A Healthy Model in Hard Times
Many younger Christian leaders of color have become frustrated with how some evangelicals promote racial reconciliation with their words while devaluing authentic reconciliation with their deeds.

“The Reconciler – The Road to Freedom” by Mark McFerron, markmcferron.com
These disillusioned saints are beginning to abscond from predominantly white Christian organizations that refuse to acknowledge racial hierarchicalism’s constitutive elements — white structural advantage, white normalization and white transparency. Each of these elements refer to the social construction of race-based structures that keep Christian image-bearers from achieving the unity of the Spirit in the bond of peace (Eph. 4:3).
My primary concern for racial reconciliation will always be threefold: missiological imperative, eschatological vision and spiritual friendship as a means of grace.

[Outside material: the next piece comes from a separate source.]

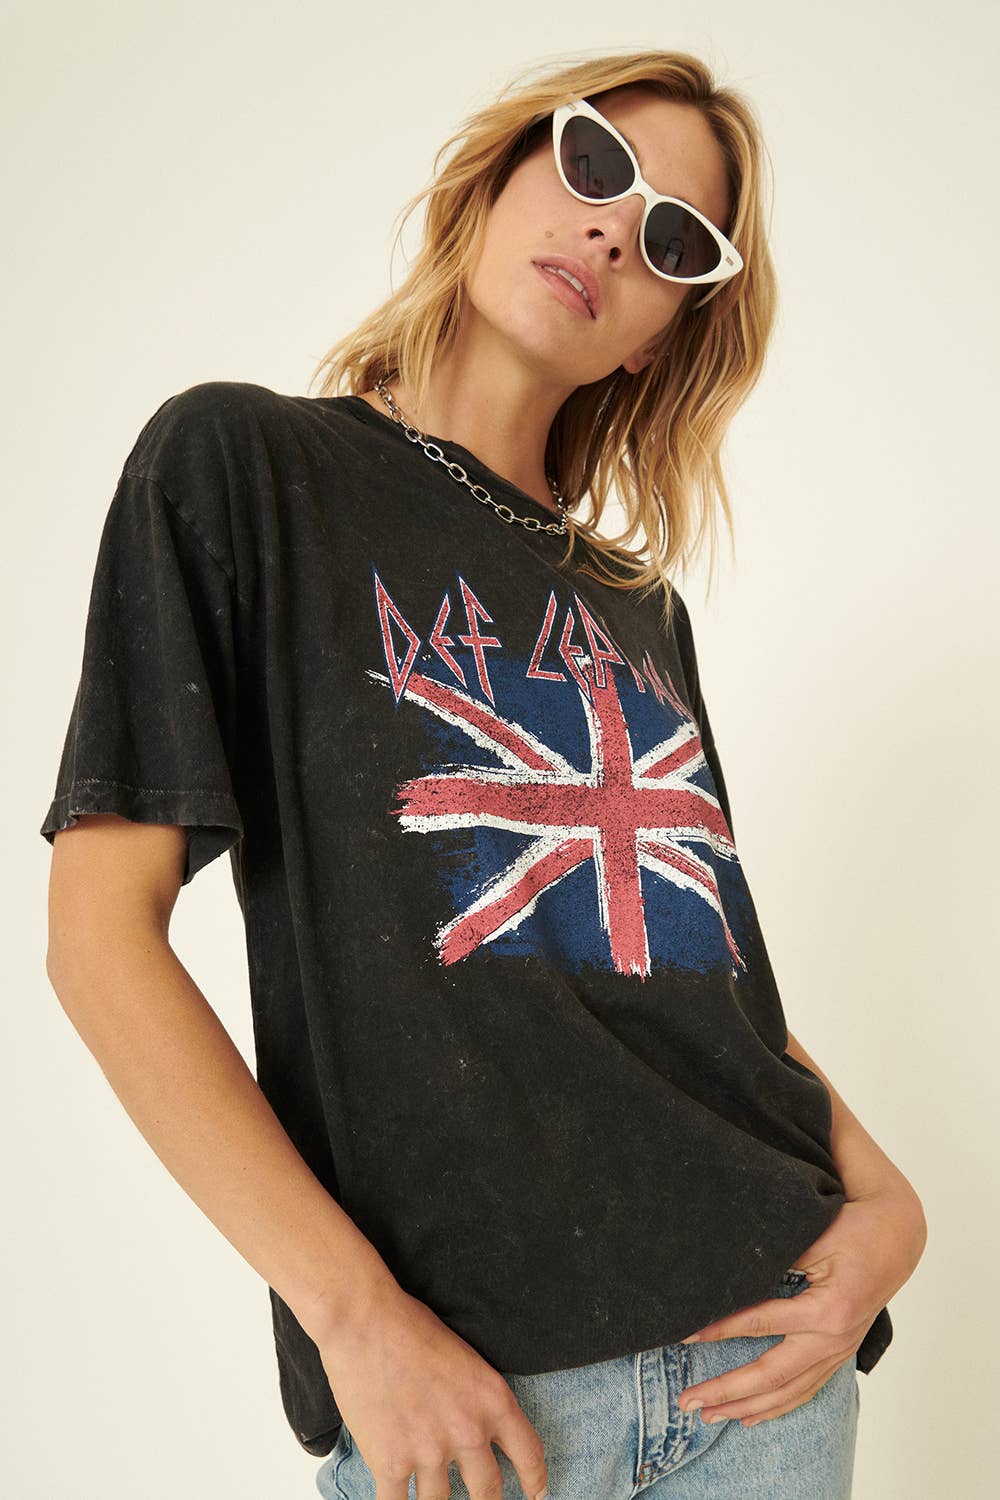 Def Leppard UK Flag Distressed Graphic Tee

Jesus Christ commands His friends to make disciples of all nations. – Matt. 28:16-20; John 17:21
God revealed the eternal worship service of every tribe and nation on one accord bowing their heads to the risen lamb of God who was slain before the foundation of the world. – Rev. 5:9; 7:9
Biblical trinitarianism models deep-seated communal love and loyalty within the Godhead which undergirds our commitment to glorify God by evangelistically loving one another. – John 17:21
We need models who exude a long obedience in the same direction.
A healthy model
When I read spiritual theology, I typically breathe a prayer of thanks for the faithful men and women who championed gospel-centered racial reconciliation when it was not in vogue. They have gone the distance without seeing a considerable amount of multiethnic fruit throughout Baptist churches in the Commonwealth; nevertheless, they did not lose hope.
Rev. Lincoln Bingham is a fine example.
In the Kentucky Baptist Building, there is a mural dedicated to the historic development of our cooperative missions partnership in Kentucky. The timeline expands from the first days of Squire Boone II, brother of Daniel Boone, who became the first Baptist preacher to enter Kentucky in 1769, to the unprecedented 2015 election of Kev-in Smith, the first African-American KBC president. These wonderful pictures reflect KBC “stones of remembrance” or a prophetic “hall of faith.” They remind Kentucky Baptists since God was at work then, and “God is at work now,” we know that our labor together is not in vain (John 5:17; 1Cor. 15:58).
Whenever I depart the executive suite, I encounter the portrait of Rev. Lincoln Bingham, positioned just past the middle of the timeline, just across the hall from the doorway. The mural’s dedication to Rev. Bingham reads, “(In 1976) the Kentucky Baptist Convention forms the Department of Interracial Cooperation to promote close and more effective cooperation between white and black Baptists in Kentucky.”
The picture of Rev. Bingham whispers to every Kentucky Baptist who tours the building, taking time read and reflect on our legacy, in a world polarized by mistrust and racial strife, “not to get tired of doing good, for we will reap a harvest if we don’t give up” (Gal. 6:9). Lincoln Bingham is a healthy model in hard times.
Curtis Woods is interim co-executive director of the Kentucky Baptist Convention.